Similarly, closings are on a pace for over 5,100 new homes in the Las Vegas Valley through the end of June. Again, the next highest year for closings in the first six months was 2018, with slightly over 4,900 closings. The past four years have averaged 52% of closings occurring in the second half of the year. This phenomena is expected to yield similar results during the draw of 2021, after the unusually strong second half of 2020 and the exceptional results of 2021 presently.
This rapid pace of home sales, and the accompanying increase in home closings Las Vegas is exhibiting, should be spurring land development. However, Zonda’s proprietary survey data is showing signs that the exceptional sales pace has been decreasing the vacant developed lot supply over the past year significantly. Las Vegas’ vacant developed lot months of supply has been pushed to lows not seen in 15 years. The decline in vacant developed lots is affecting home builder planning and strategy this year, as builders look to the future development and sales efforts in 2022 and beyond. Further, while annual lot deliveries have been increasing, the slowdown in lot deliveries in the second quarter of 2020, coupled with the exceptionally strong first half of net sales in 2021, is straining the market as lots are not being brought to market efficiently and fast enough to quench the markets thirst in the Valley.
Looking toward potential future replacement lots coming to market in the near future leads us to review Zonda’s database of known future lot inventory. We like to look to this to see the overall potential of the market in both the short and long term. The near-term potential of the future market are lots observed as having on-site land development replacing current vacant developed lots, while long-term lots exhibit overall potential though many of those lots likely will be replanned prior to development. Zonda’s updated data through the second quarter of 2021 shows those near-term lots in the pipeline have declined since the last quarter by 5.3%, meaning further signs of strain on lot supply in the near-term future for the Valley.
However, certain submarkets have shown an increase in on-site development with lots being brought to market offering opportunity in the near future. A careful review of Zonda’s database exhibits potential long-term opportunity for lots that have not yet been final mapped and shape them toward the market’s needs and desires to maximize market potential through proper planning and advisement. However, the decrease of potential near-term future lots will put continued pressure on available vacant developed lot supply through the end of 2021, and likely into the start of 2022, pressuring land prices while new-home listings prices likely begin to plateau. Keep in mind that prices can also be affected by an increase in higher-density products that are more attainable for many of the Valley’s buyers.

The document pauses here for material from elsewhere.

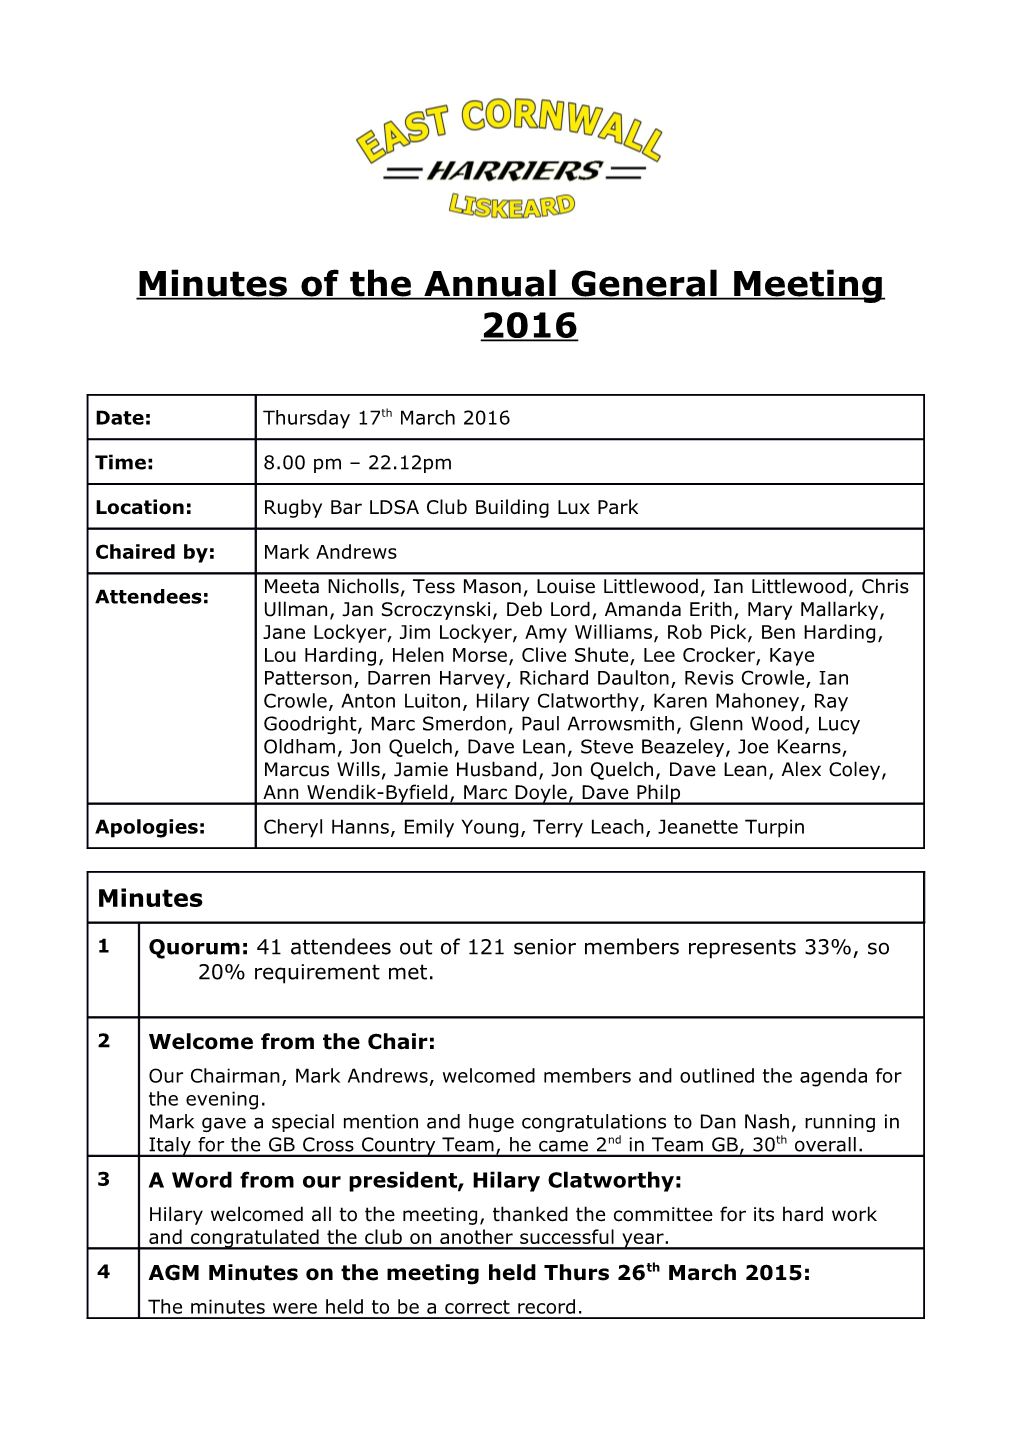 Minutes of the Annual General Meeting 2016

While the vacant developed lot supply pressures the market in the short term, builders have been pivoting and looking toward solutions such as higher-density detached and attached products through land planning and development that should pick up over the coming quarters to alleviate some of the lot constraints. Despite these challenges, the Valley remains an under-supplied market with strong continued demand that is likely continue throughout 2021 and into 2022, keeping the appetite for lots and land high but enhance the need for proper planning, advisement, and strategies. We will continue to study the supply, demand, and potential path forward for the Valley’s real estate market in the coming months.